En présentant sa stratégie vaccinale lors d’un débat sans vote et sans éclat de voix à l’Assemblée nationale, mercredi, le premier ministre briguait plus la confiance de l’opinion publique que celle des députés. Dans l’hémicycle du Palais Bourbon, Jean Castex a appelé chacun à se montrer «à la fois prudent, patient, mais confiant» devant l’arrivée de cette «arme supplémentaire», un «motif d’espoir face à l’épidémie.

EN DIRECT :Suivez notre DIRECT: Castex promet qu’il n’y aura «aucune vaccination sans consentement éclairé»

«La confiance ne se décrète pas, elle se gagne, elle se perd parfois, mais surtout elle se mérite», a concédé le premier ministre, conscient d’affronter un mur de défiance dans le pays. Une majorité de Français (59 %) déclaraient fin novembre qu’ils n’iraient pas, ou probablement pas, se faire vacciner contre le Covid-19 quand ils le pourront, selon un sondage Ifop. Un niveau de scepticisme parmi les plus élevés du monde, qu’a relevé Jean Castex: «le peuple français (...) n’a jamais été un grand fanatique de la vaccination.»

«Rassurer»

«Face à la peur», au «doute» et à la «suspicion», le chef du gouvernement a donc promis aux députés d’«expliquer», de «rassurer» et d’«accompagner» la population.
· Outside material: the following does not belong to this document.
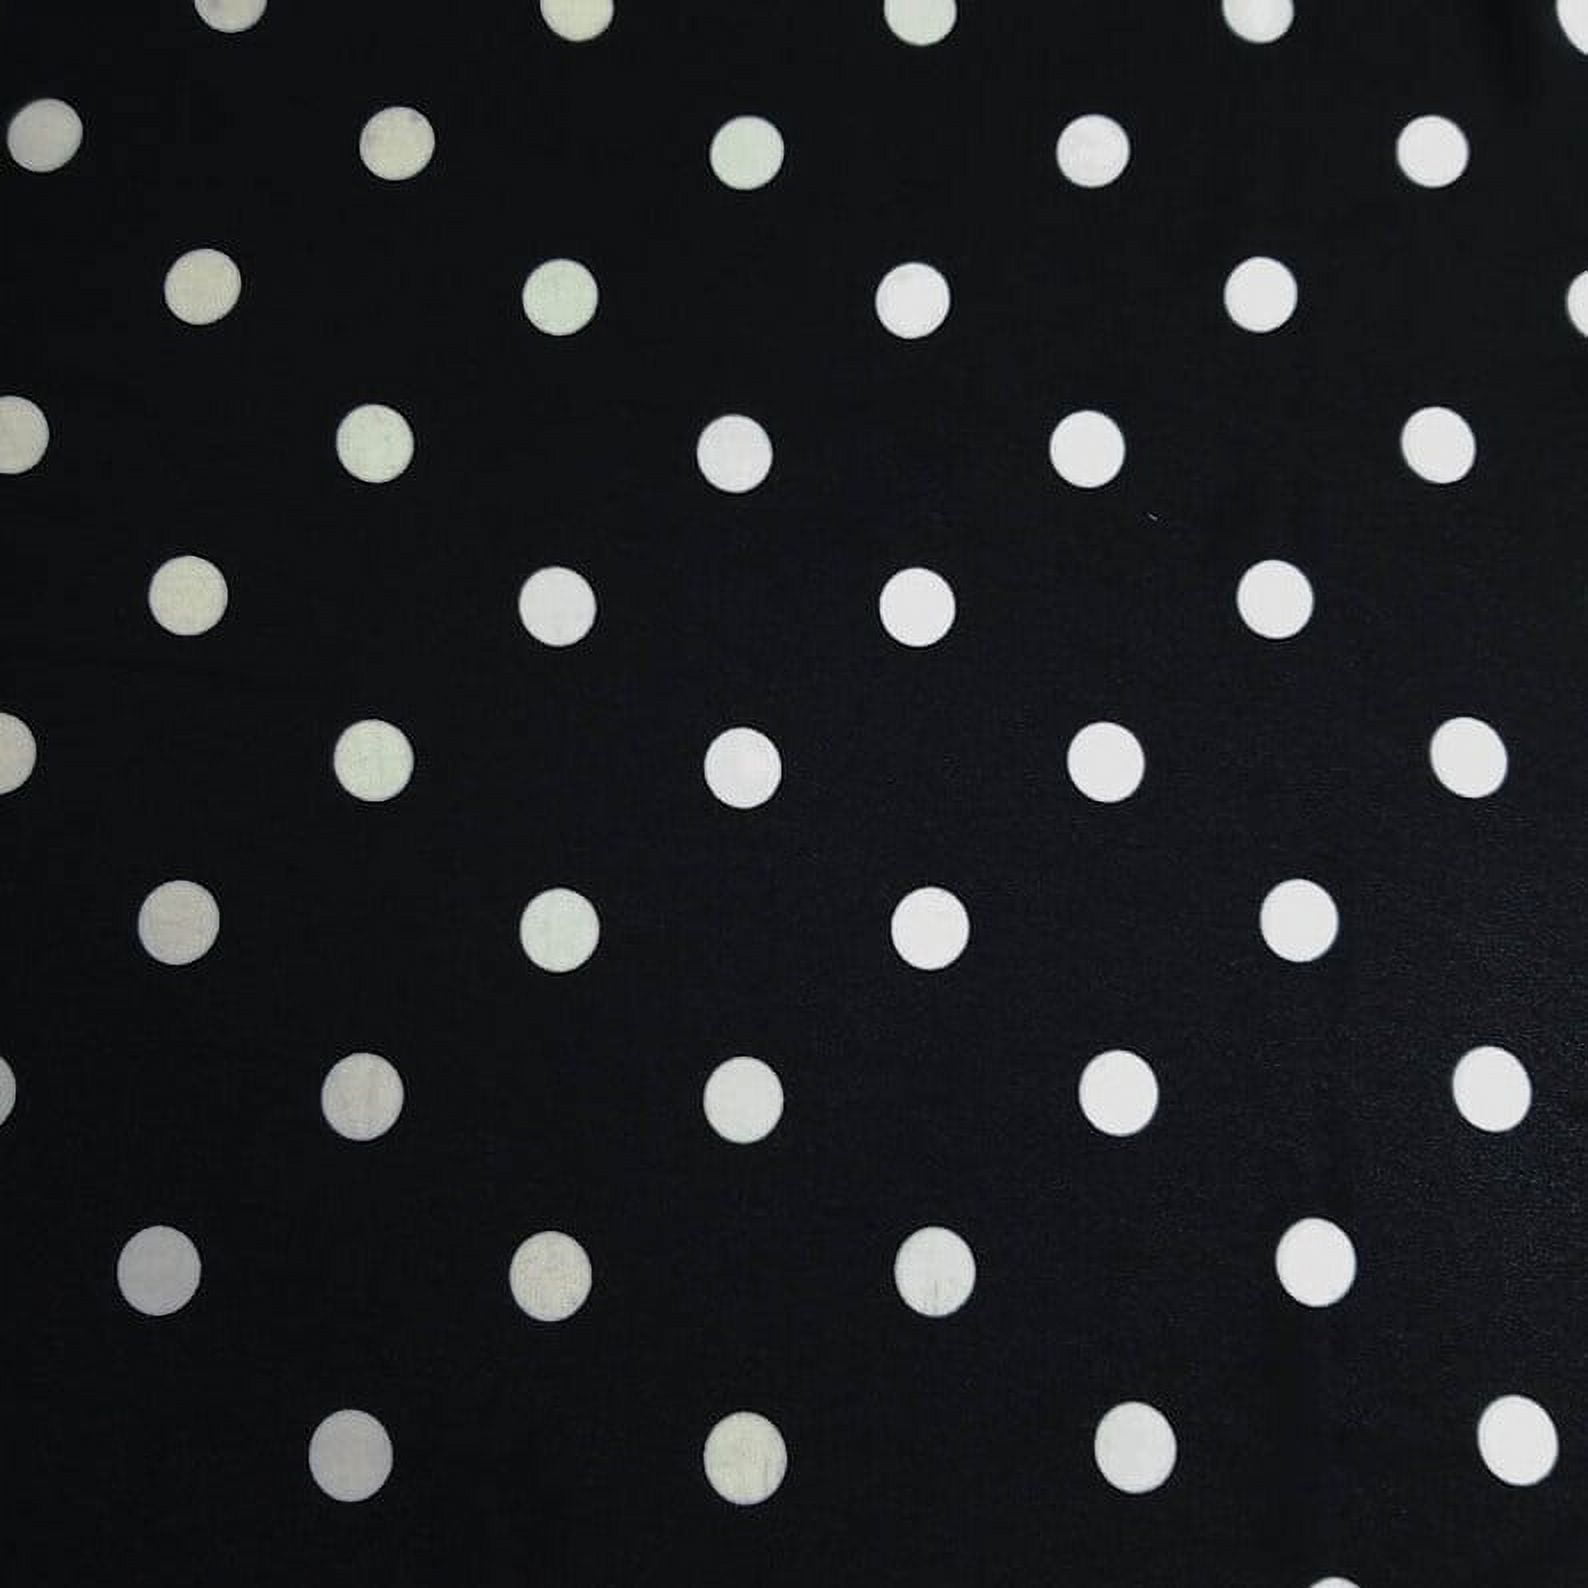 Solid Stretch (9 oz) Denim Fabric - Black Cotton Polyester Spandex Twill  54/55 By The Yard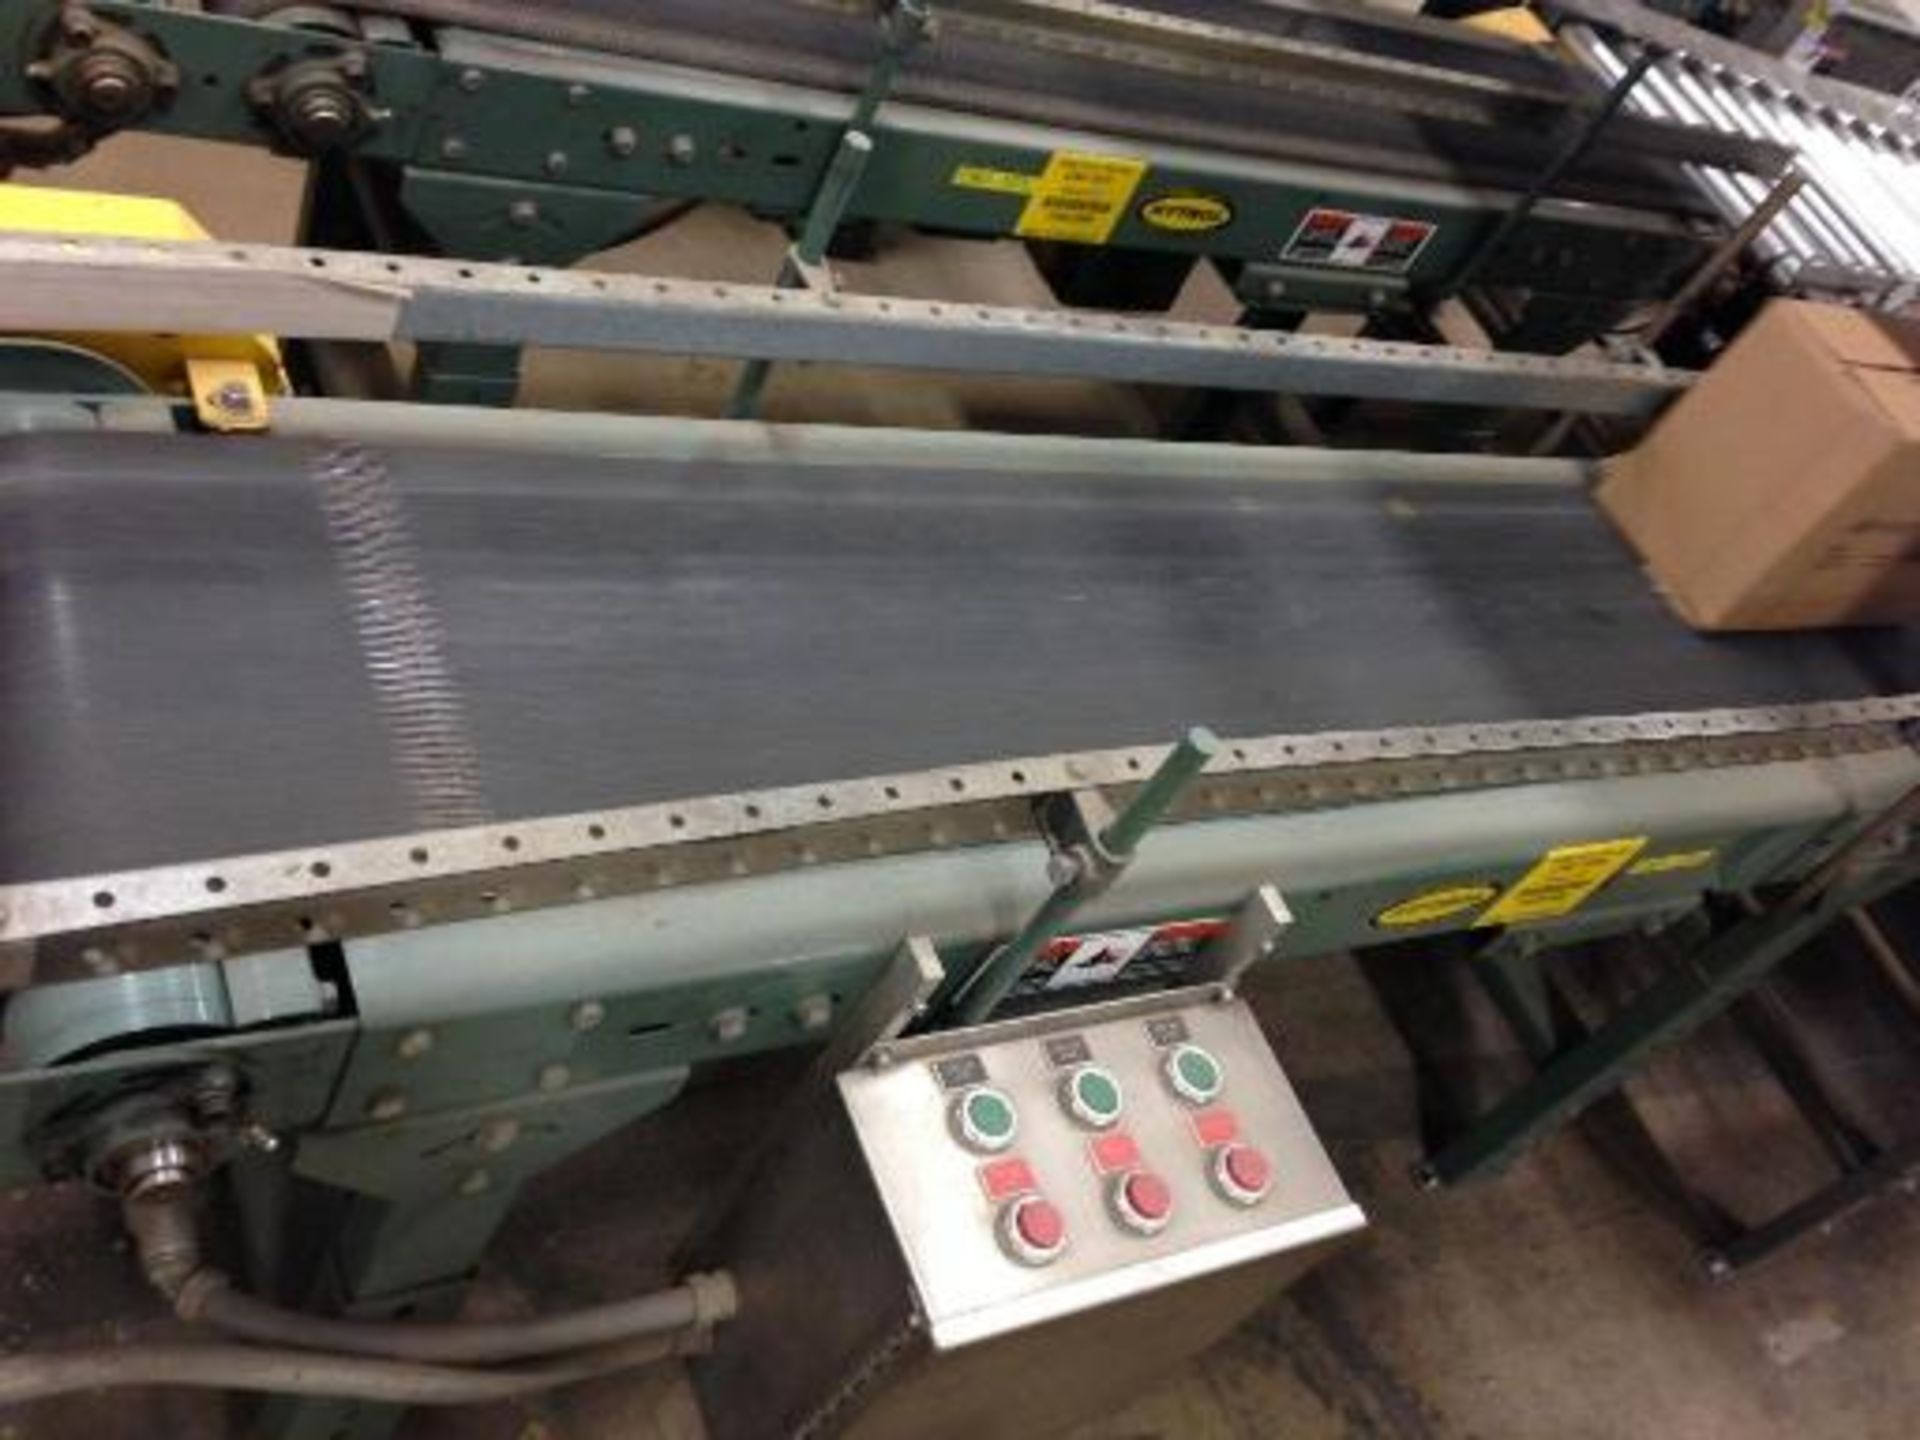 Hytrol belt conveyor16 inch x 5 feet long. Located in Marion, Ohio Rigging Fee: $200

À travers une campagne de vaccination fondée sur le «consentement», prise en charge par l’État et déployée en trois phases, a-t-il détaillé: environ un million de seniors dans les Ehpad dès la fin du mois «si les conditions sont réunies», puis 14 millions de personnes à risques, puis la population non prioritaire «à la fin du printemps».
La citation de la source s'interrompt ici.